For millions of folks around the world, speech impairment is a fact of life. Roughly 7.5 million people in the U.S. have trouble vocalizing words and phrases, and disorders involving pitch, loudness, and quality affect about 5% of children by the first grade.
This poses a challenge for accessibility engineers developing AI-driven speech recognition and text-to-speech synthesis products, who have to accommodate a range of impairments for which limited data sets are available. Fortunately, scientists at Google are investigating ways to minimize word substitution, deletion, and insertion errors in speech models as a part of Parrotron, an ongoing research initiative that aims to help those with atypical speech become better understood.
“In today’s technological environment, limited access to speech interfaces, such as digital assistants that depend on directly understanding one’s speech, means being excluded from state-of-the-art tools and experiences,” wrote research scientist Fadi Biadsy and software engineer Ron Weiss in a blog post. “Parrotron makes it easier for users with atypical speech to talk to and be understood by other people and by speech interfaces, with its end-to-end speech conversion approach more likely to reproduce the user’s intended speech.”
Here’s an original speech sample:
And here’s Parrotron’s output:
Parrotron leverages an end-to-end AI system trained to convert speech from a person with an impediment directly into “fluent” synthesized speech, effectively skipping text generation. It considers only speech signals rather than visual cues such as lip movements, and it’s trained in two phases using parallel corpora of input/output speech pairs.
A general speech-to-speech conversion model is first fed samples from a large data set and then exposed to a corpus that adjusts its variables to atypical speech patterns from a target person. Normally, building a high-quality model of this sort would require a speaker to record hours of training data, but the researchers managed to extract data from an existing text-to-speech system, enabling them to make use of a preexisting transcribed speech recognition corpus.
The first phase drew on a data set of roughly 30,000 hours consisting of millions of utterance pairs, each including a natural utterance and a corresponding synthesized utterance from Google’s Parallel WaveNet text-to-speech system. The researchers note that the corpus includes snippets from “thousands” of speakers spanning hundreds of dialects, accents, and acoustic conditions, which made possible the modeling of a range of linguistic and non-linguistic contents, accents, and noise conditions with “typical” speech in the same language.

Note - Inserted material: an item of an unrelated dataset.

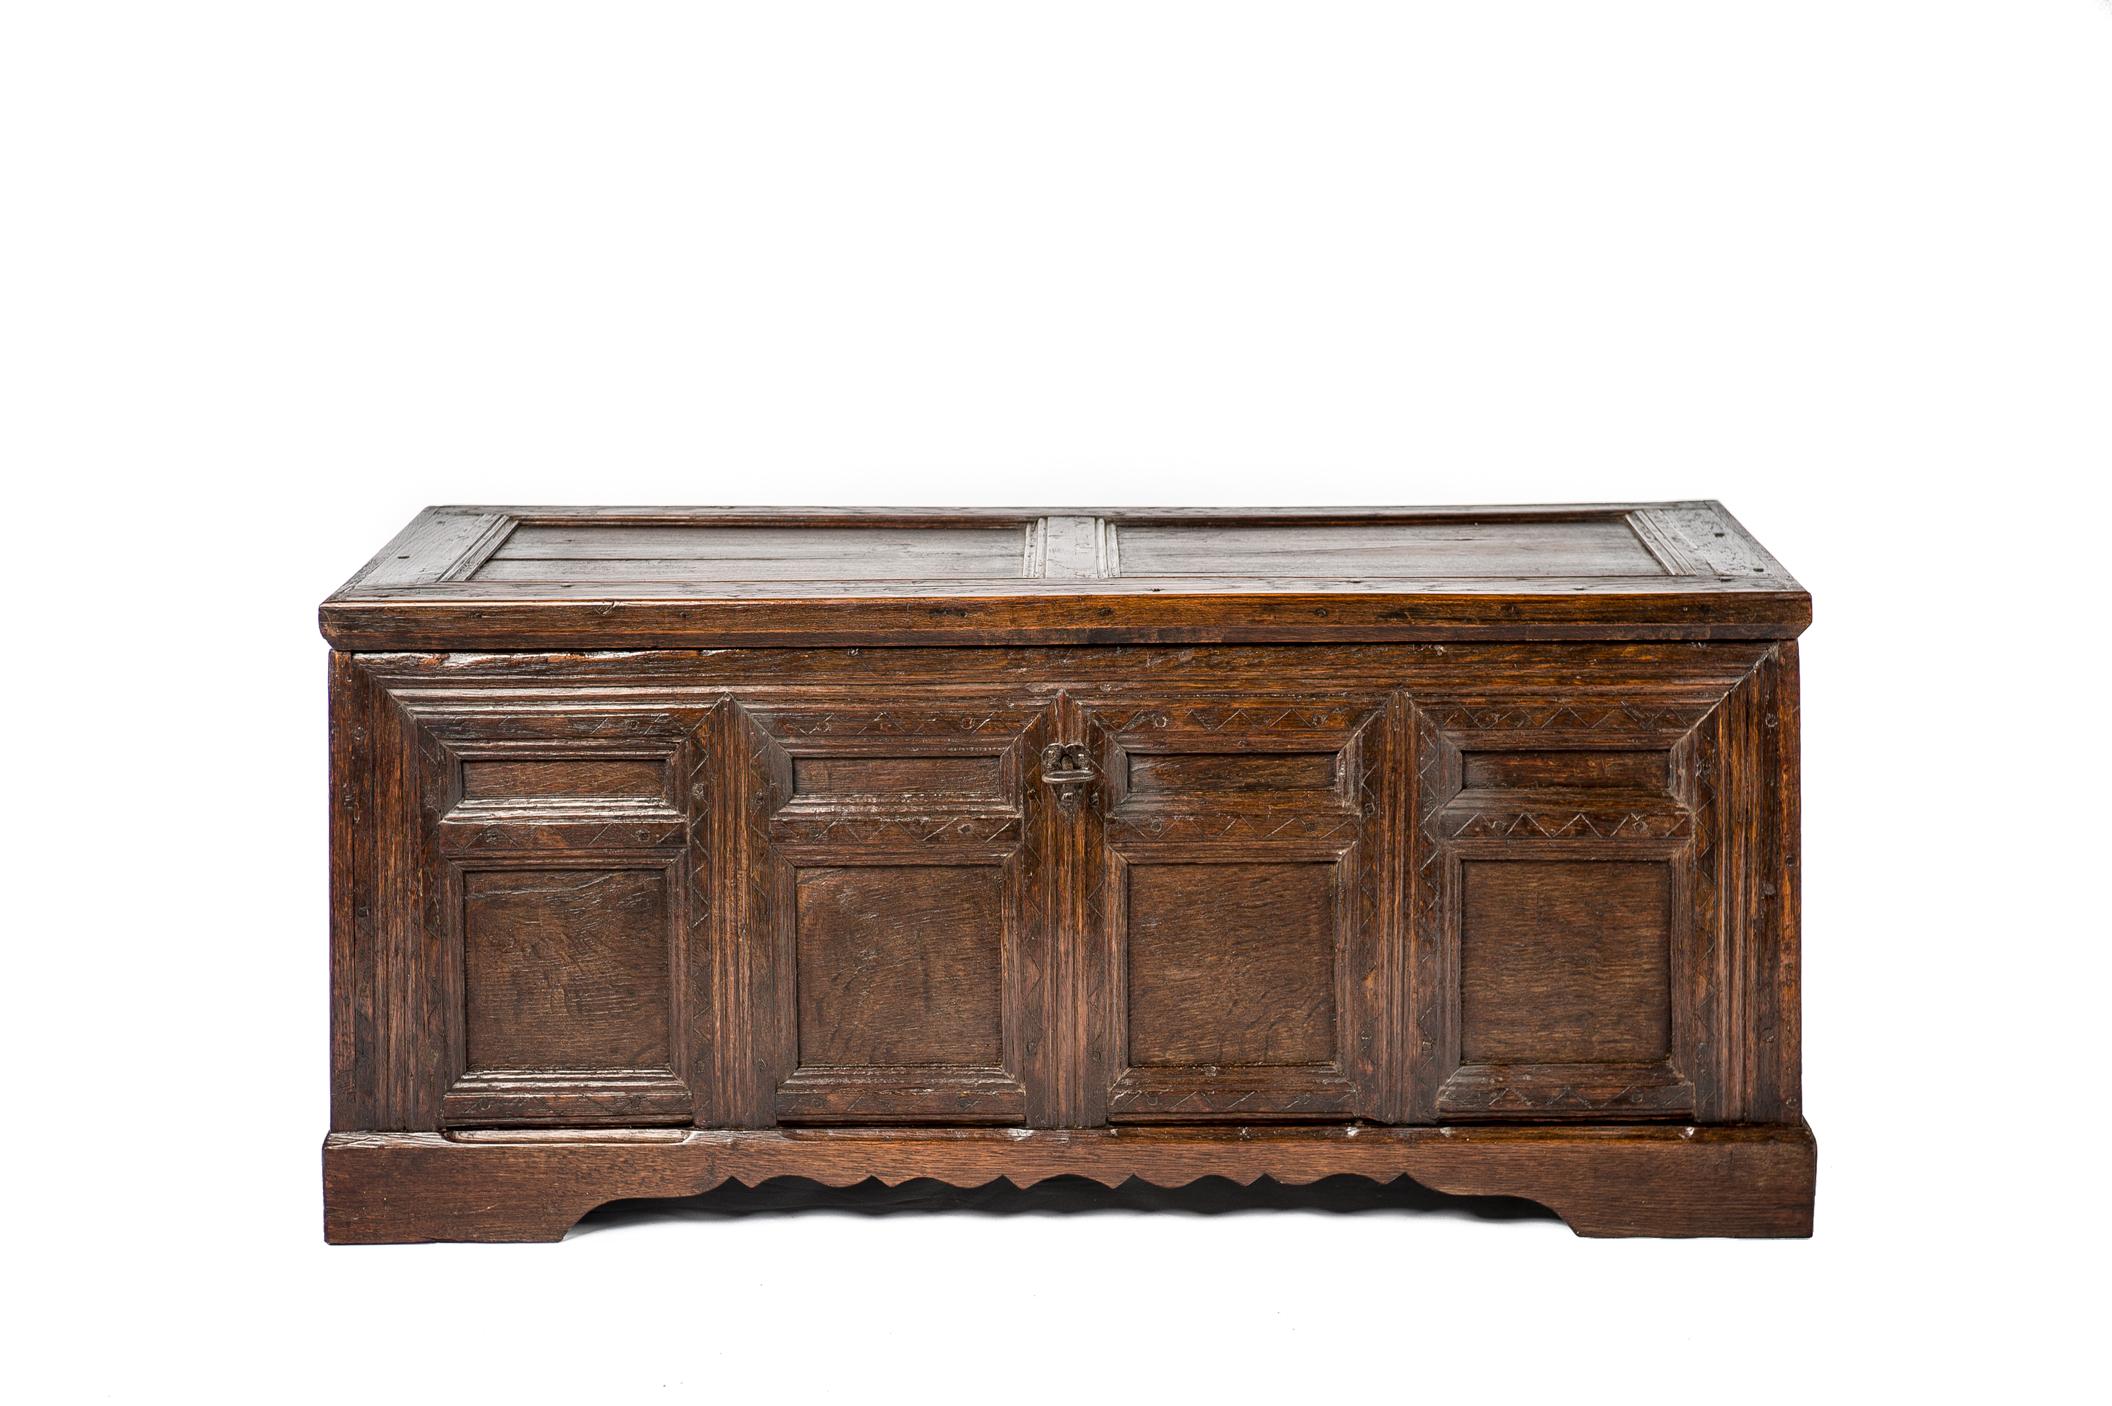 A beautiful antique eight-panel English coffer or trunk, dating to the William III period in the early 1700s. The piece has recessed panels with molded edges around them. The piece is decorated with geometrical carvings on its front. The coffer

The fully trained conversion model seeds the second training phase, which involves a separate data set of utterance pairs optionally contributed by the target speaker but otherwise derived from sources like Google’s ongoing Project Euphonia. This second corpus is used to adapt the network to unique acoustic/phonetic, phonotactic, and language patterns, including things like how a speaker alters, substitutes, or removes certain vowels or consonants.
The team reports that training the system with a multitask objective — that is, having it predict target phonemes while simultaneously generating spectrograms (visual representations of frequencies of sound signals over time) of the target speech — led to significant quality improvements. They validated their approach with a group of speakers with ALS and with Dimitri Kanevsky, a deaf research scientist and mathematician at Google who recorded a personal corpus of 15 hours of speech. In Kanevsky’s case, Parrotron’s output reduced the word error rate of Google’s automatic speech recognition from 89% to 32%. As for the ALS speakers, human volunteers reported improvements in intelligibility in nearly all cases.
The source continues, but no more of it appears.